Immunofluorescent co-staining for A) Ki67, K8, and DAPI and quantification in hyperplastic, MIN, and carcinoma lesions from MMTV-rtTA;Tet-o-Kras^G12D;p53^fl/fl and MMTV-rtTA;Tet-o-Kras^G12D;FspCre;p53^fl/fl mice with quantification of the percentage of Ki67⁺ epithelial cells; B) p-H2AX and DAPI with quantification of the percentage of p-H2AX⁺ cells in mammary carcinomas; and C) Caspase3 and DAPI with quantitation of the percentage of Caspase3⁺ cells in mammary carcinomas. Bars represent 200 μM. Graphs are presented as mean ± standard deviation with n=3–12. * = P < 0.05, ** = P < 0.01, *** = P < 0.001, **** = P < 0.0001.
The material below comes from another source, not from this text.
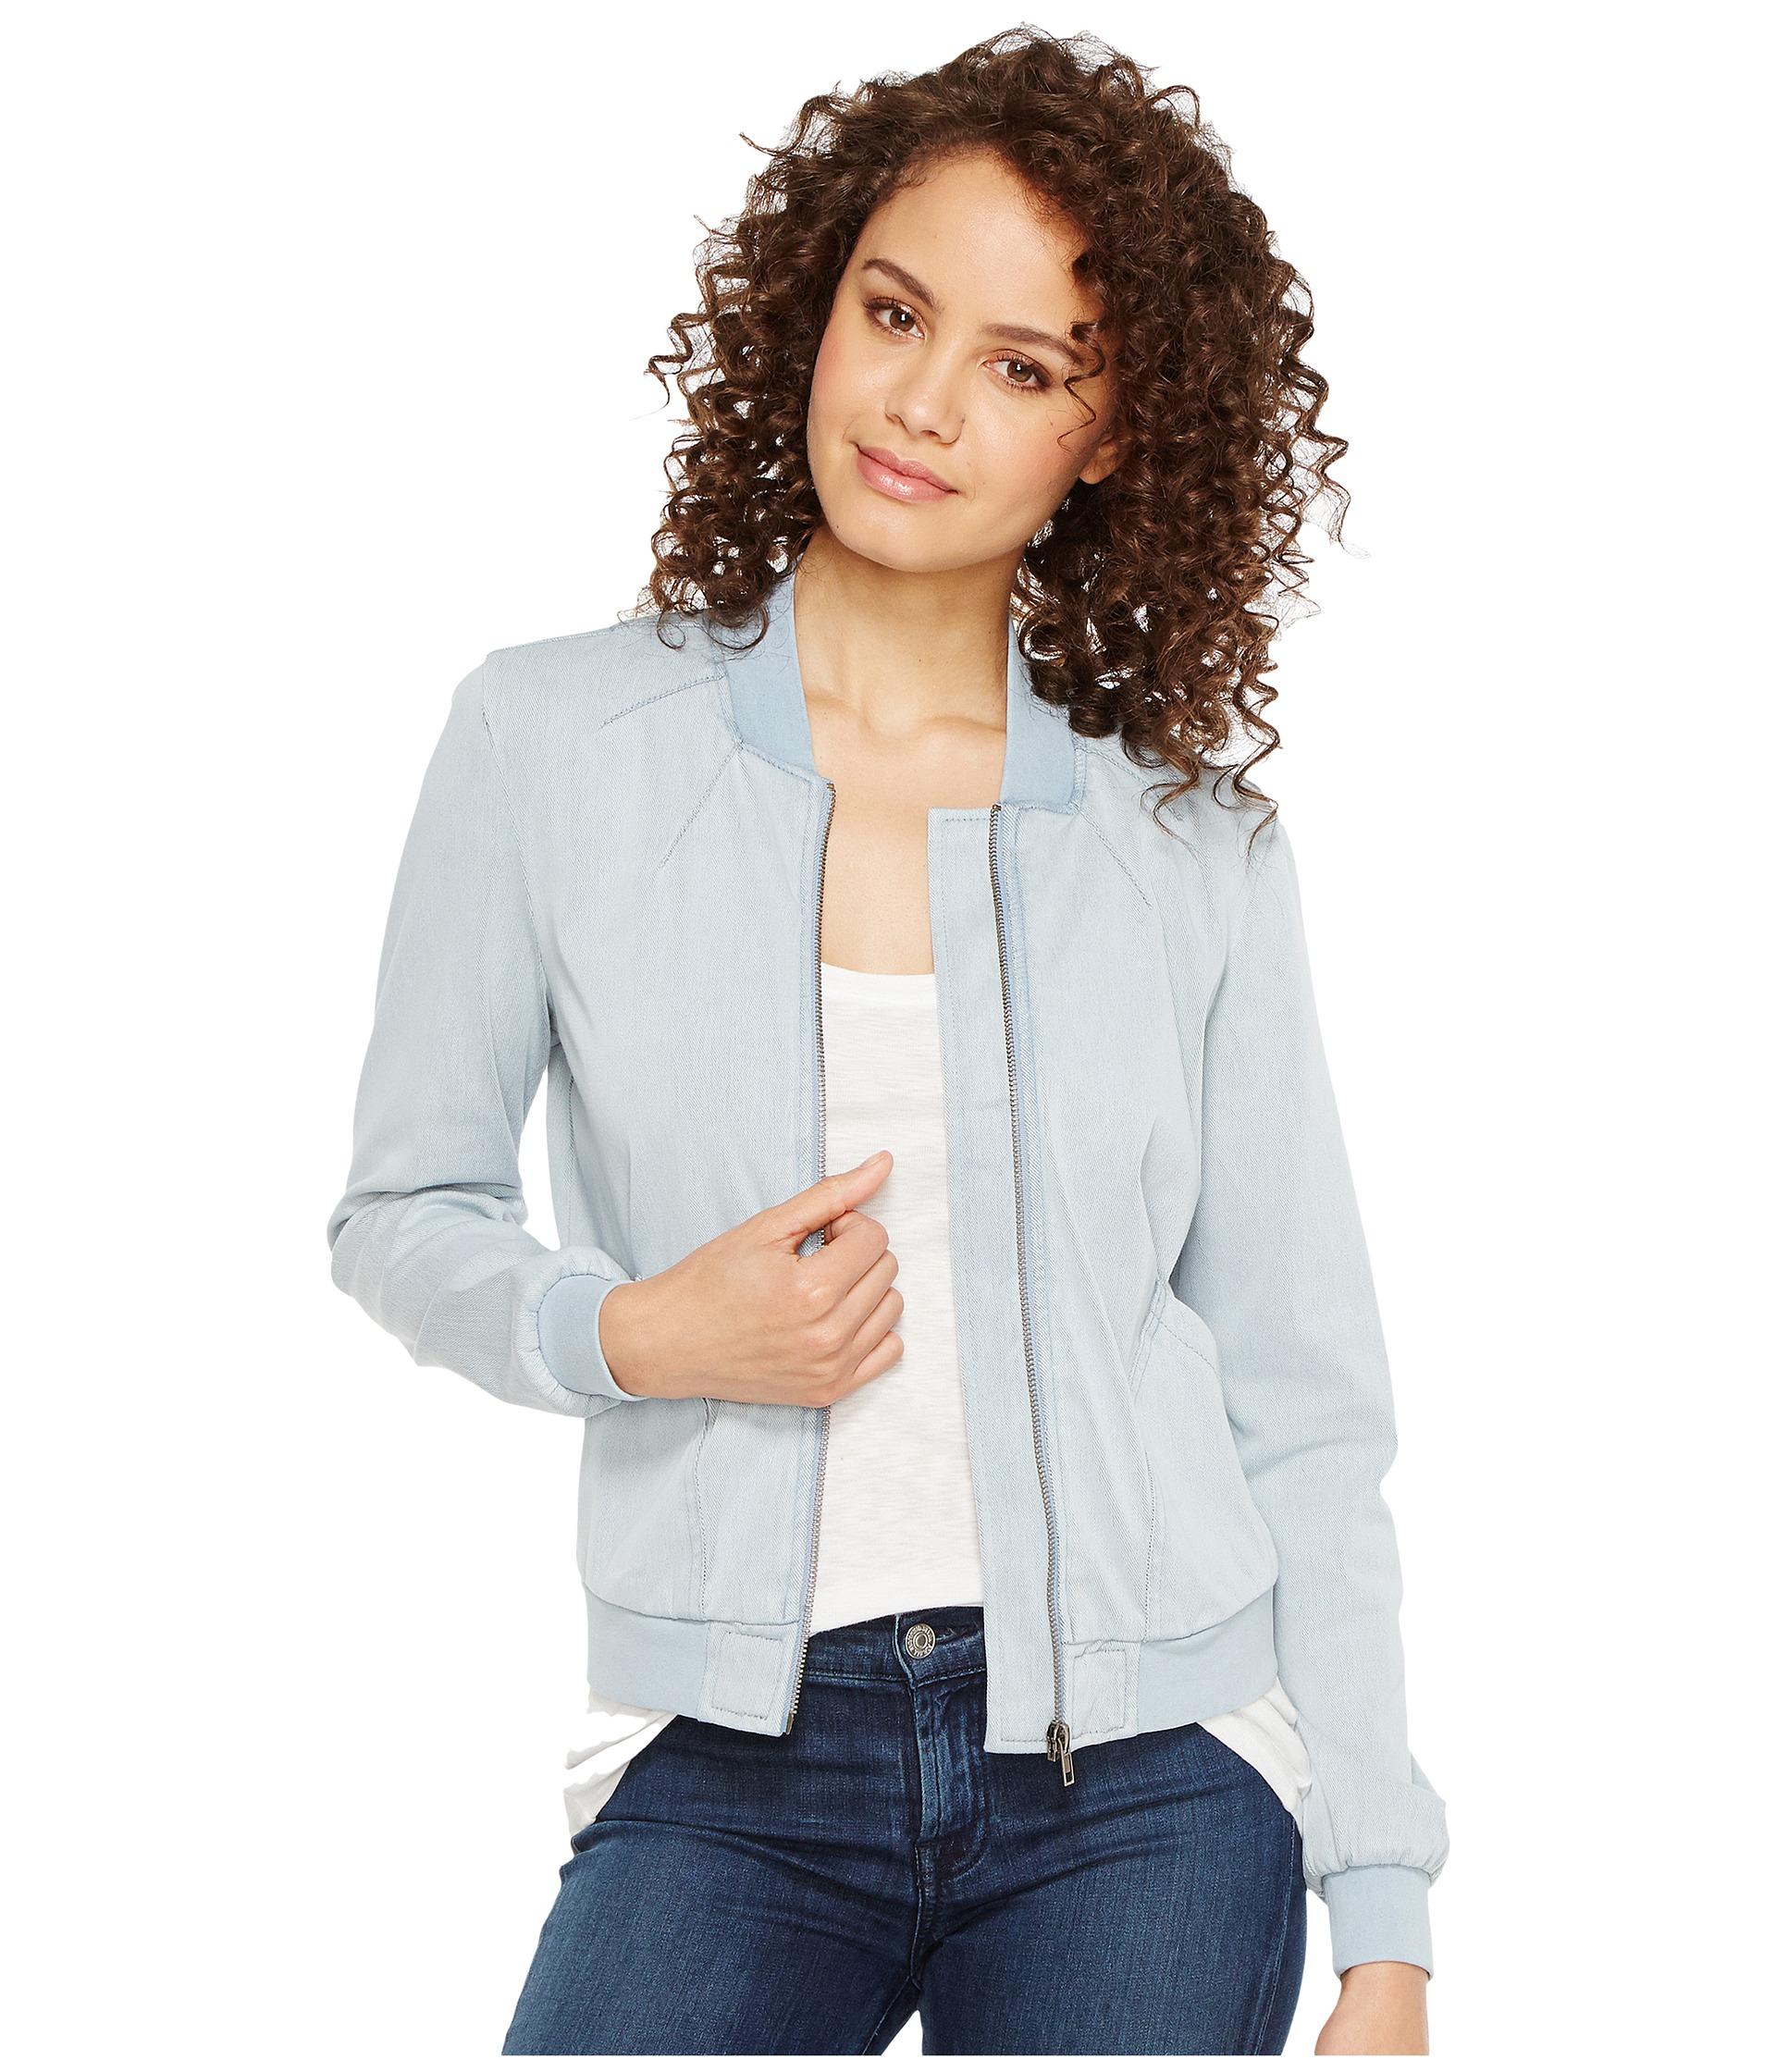 Liverpool bomber jacket in powerflex knit denim at for Schoolboy q girl power shirt

Figure 4.. p53 deletion in tumor stroma alters the immune landscape.

Immunohistochemistry and immunofluorescence staining and quantification in mammary carcinomas from MMTV-rtTA;Tet-o-Kras^G12D;p53^fl/fl and MMTV-rtTA;Tet-o-Kras^G12D;FspCre;p53^fl/fl mice for A) CD3; B) GR1; C) CD3, CD8, and DAPI; and D) F4/80, CD163⁺, and DAPI. Bars represent 400 μM in A) and 200 μM in B) – D); Graphs represent the percentage of positive staining cells or the absolute number of cells per field of view and are presented as mean ± standard deviation with n=3. * = P < 0.05, ** = P < 0.01, *** = P < 0.001, **** = P < 0.0001.

Figure 5.. A stromal fibroblast p53 deletion gene signature distinguished normal from neoplastic stroma and correlates with survival.
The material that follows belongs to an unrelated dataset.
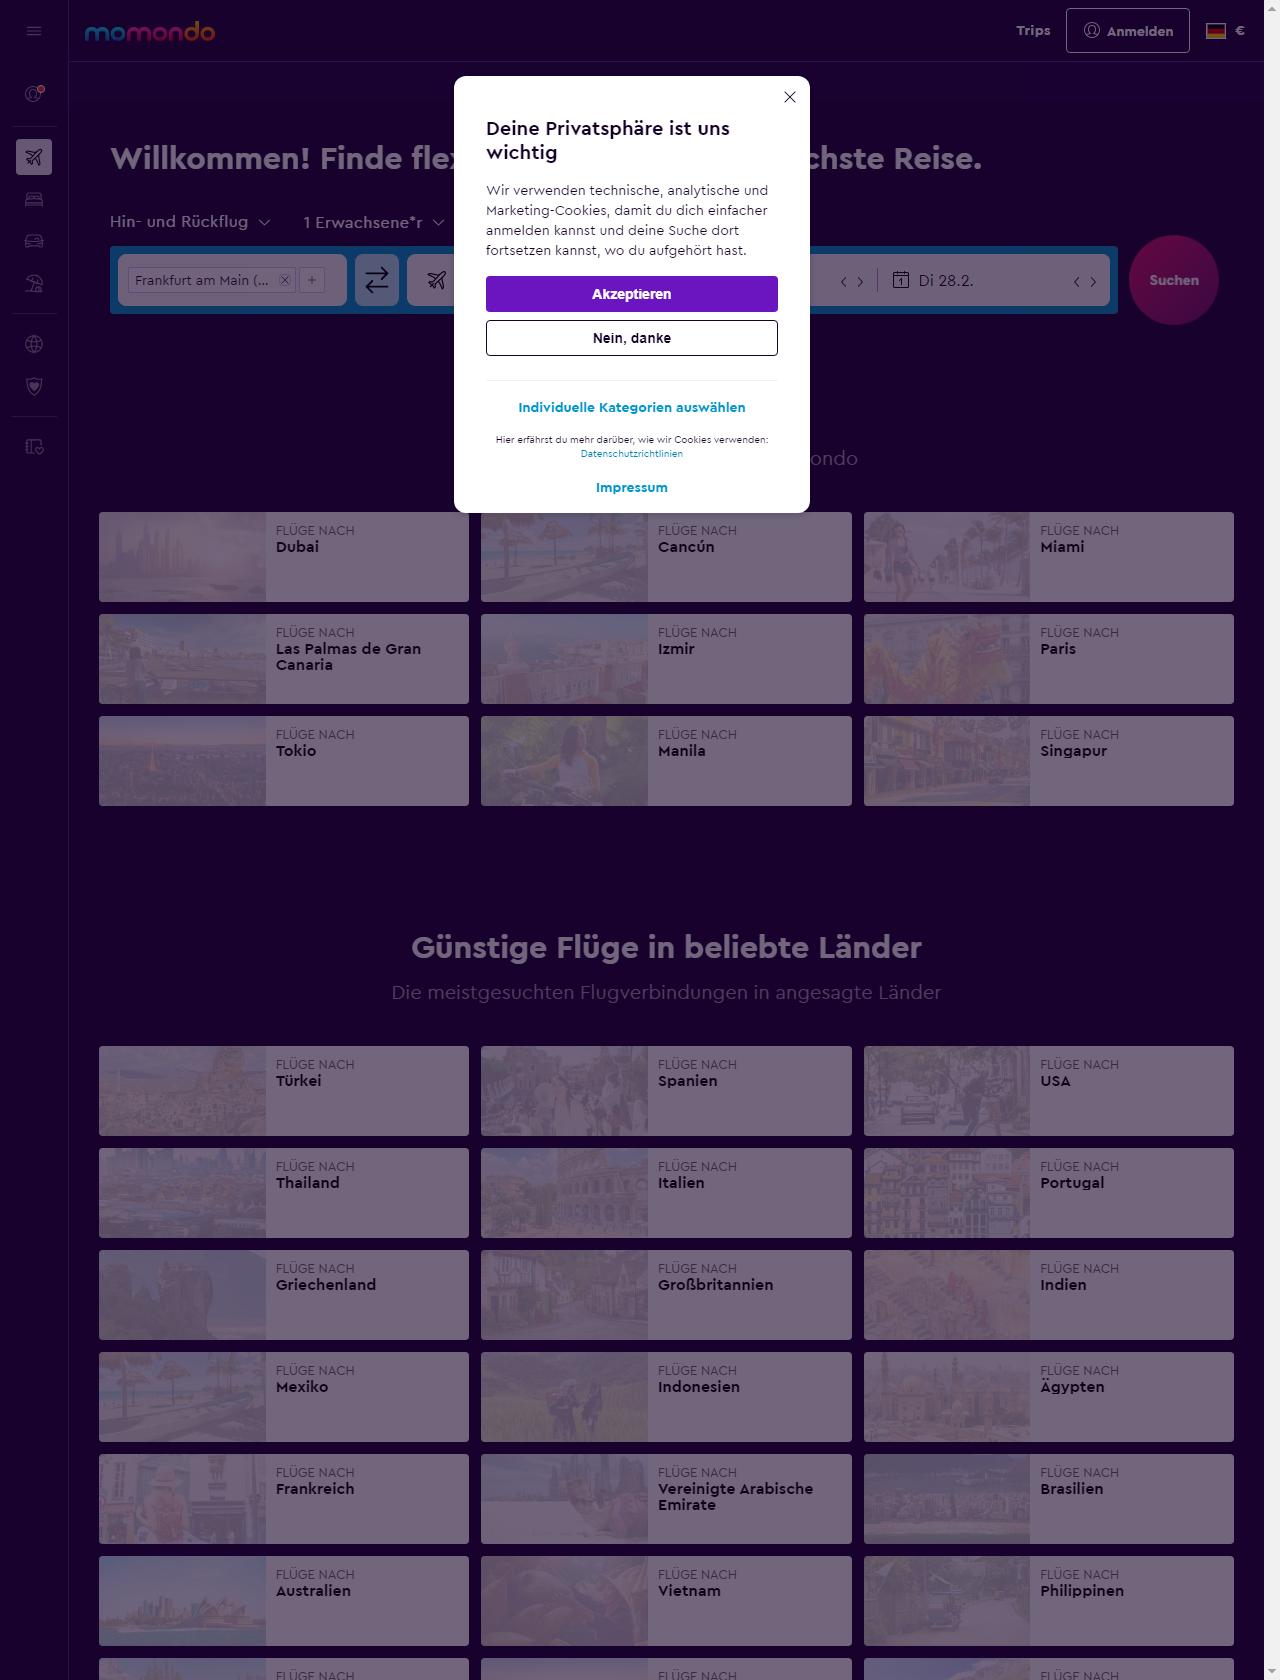 momondo.com   Make your website better   DNS, redirects, mixed ...

A) Heatmap identifies Fibroblast Gene Cluster 1 (116 differentially expressed genes identified only in MMTV-rtTA;Tet-o-Kras^G12D;FspCre;p53^fl/fl fibroblasts) and Fibroblast Gene Cluster 2 (236 differentially expressed genes in p53-deficient fibroblasts with and without epithelial Kras^G12D; B) Of the 236 genes in Fibroblast Gene Cluster 2, 129 genes (Supplemental Table 2) matched the stromal heatmap and separated normal from tumor stroma in BrCa patients; C) GSEA analysis revealed that targets of p53 and chemokine receptors that bind chemokines were significantly affected biological processes in fibroblasts following p53 deletion; D) KM plot with Fibroblast Gene Cluster 2 against McGill’s survival data and METABRIC’s survival data considering all BrCa subtypes combined.

Figure 6.. Stromal deletion of p53 reprograms gene expression in adjacent Kras^G12D-expressing epithelium, but did not correlate with survival when compared to clinical isolated stromal samples.
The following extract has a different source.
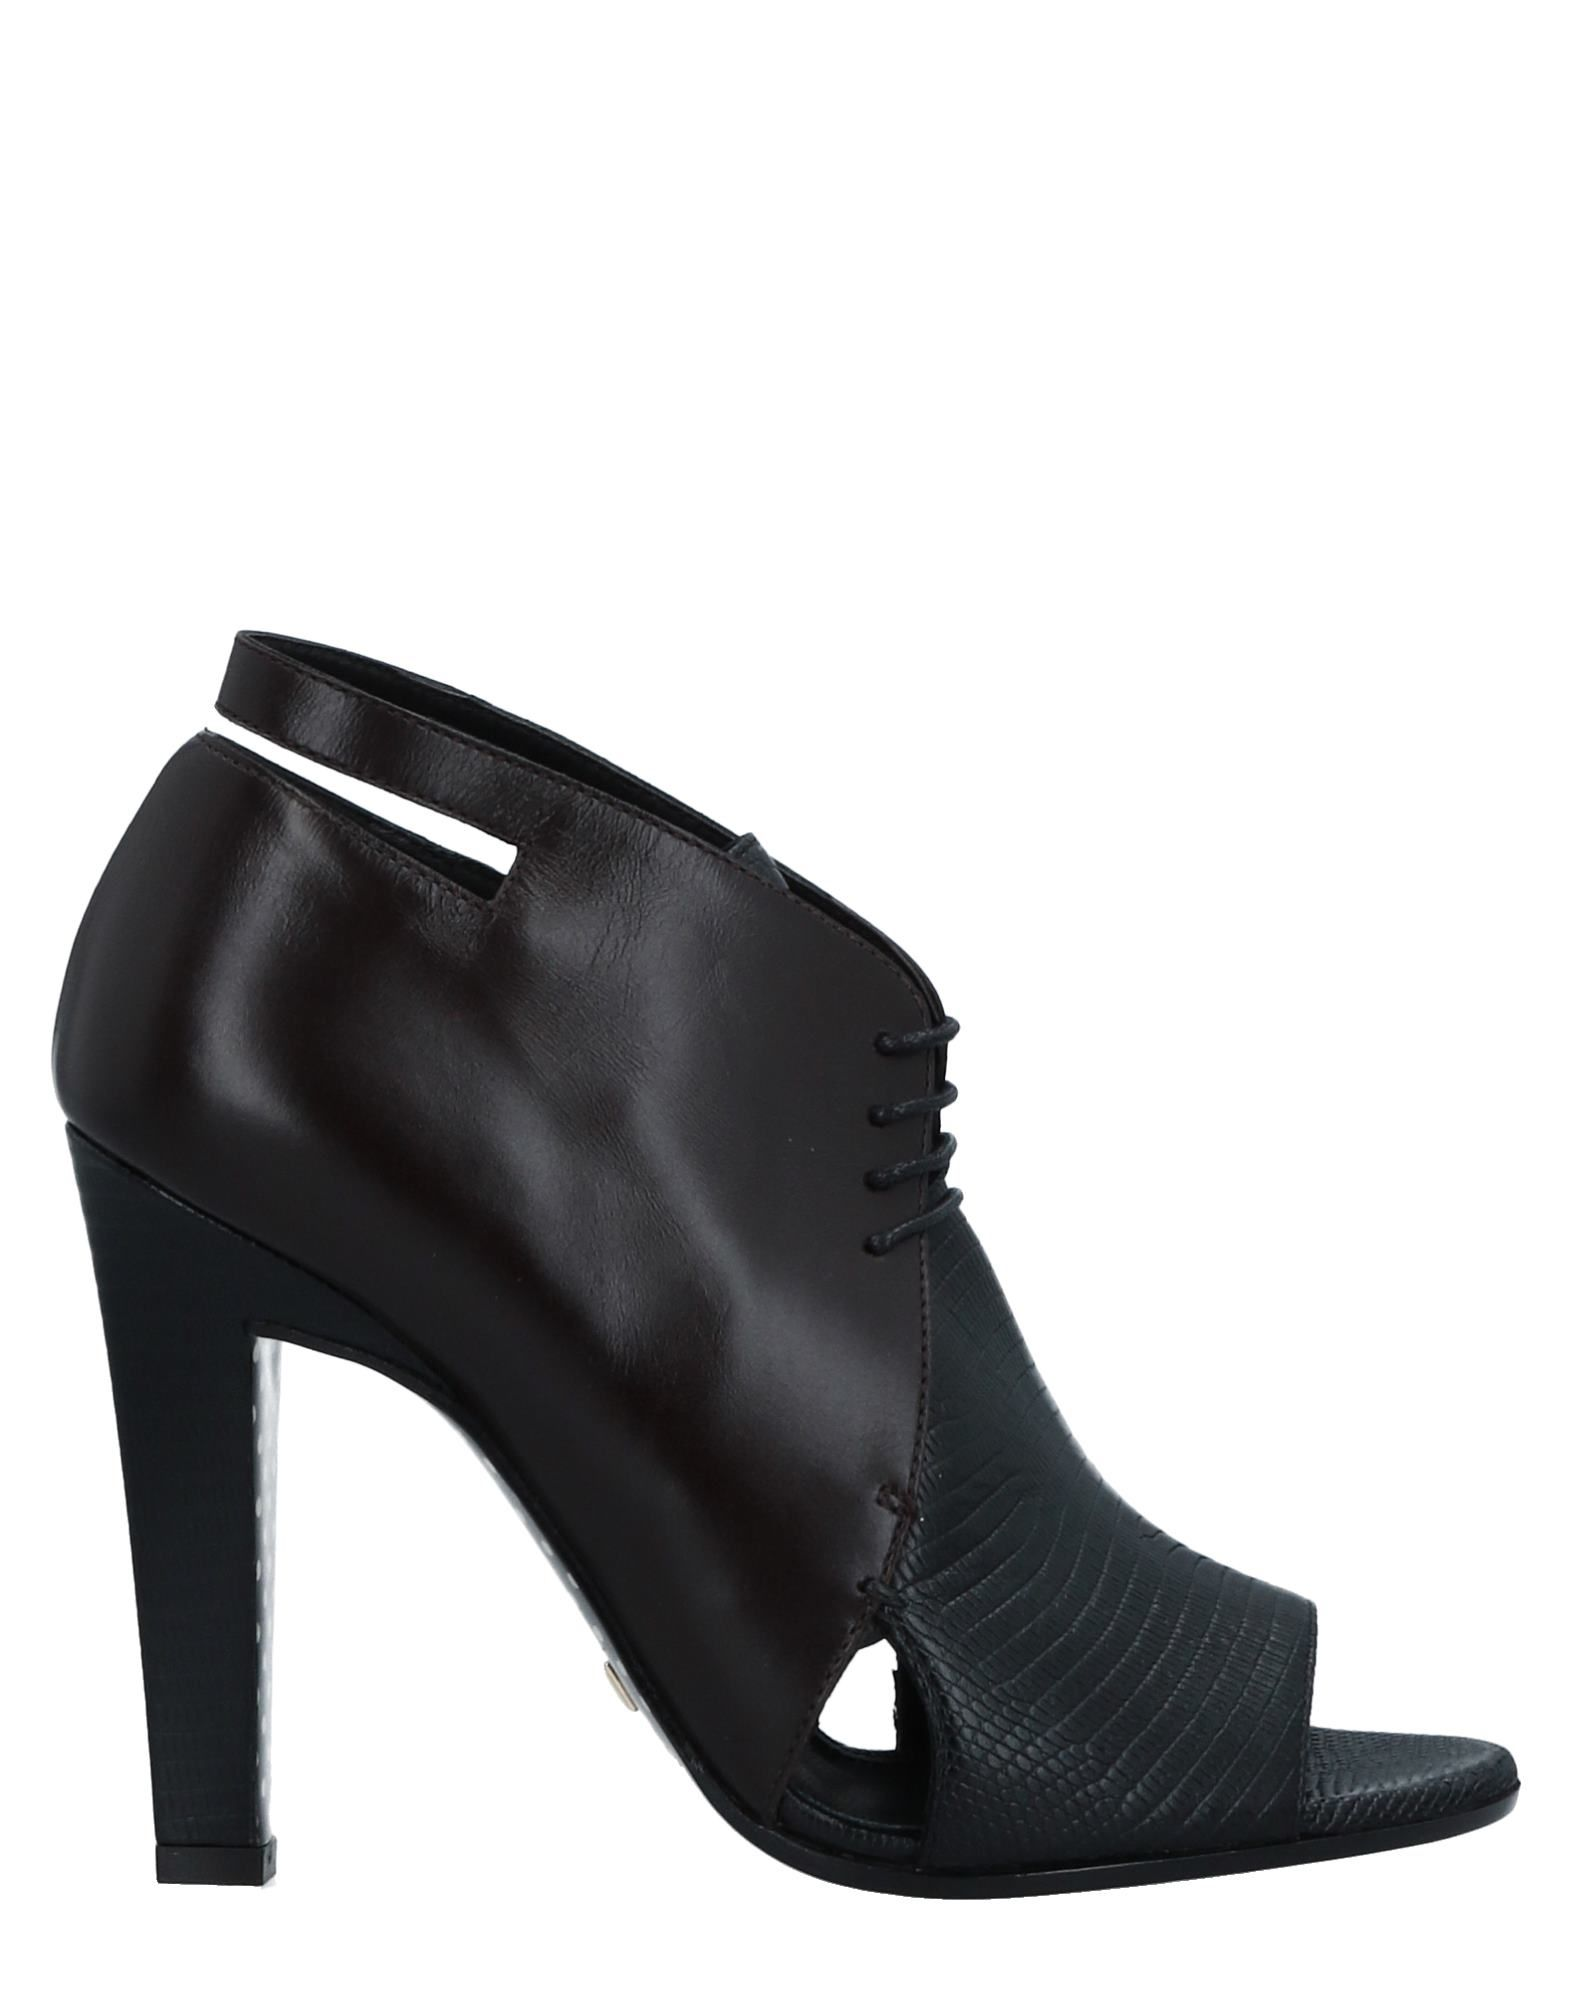 Emanuel Ungaro Stiefelette Stiefelette Ungaro Damen  11518968WL Beliebte Schuhe 10dc67

A) p53 loss in fibroblasts led to a noticeable reprogramming of gene expression in epithelial cells, independent of epithelial Kras^G12D oncogene expression. Gene clusters were observed in epithelia associated with p53 loss in fibroblasts either 1) in the presence of epithelial Kras^G12D (Epithelial Gene Cluster 1) and 2) both in the presence or absence of epithelial Kras^G12D (Epithelial Gene Cluster 2); B) GSEA of differentially expressed genes in Kras^G12D-expressing epithelia revealed genes involved in DNA replication, DNA damage repair, and apoptosis were significantly affected biological processes in adjacent epithelium following p53 deletion in fibroblasts; and C) Epithelial Gene Clusters 1 and 2 could not distinguish human tumor stroma from normal tissue and did not correlate with survival in the McGill cohort considering all BrCa subtypes combined.

Figure 7.. Epithelial gene clusters correlate with METABRIC survival data.

Epithelial Gene Clusters A) 1 and B) 2 correlate with survival in the METABRIC cohort considering all BrCa subtypes combined.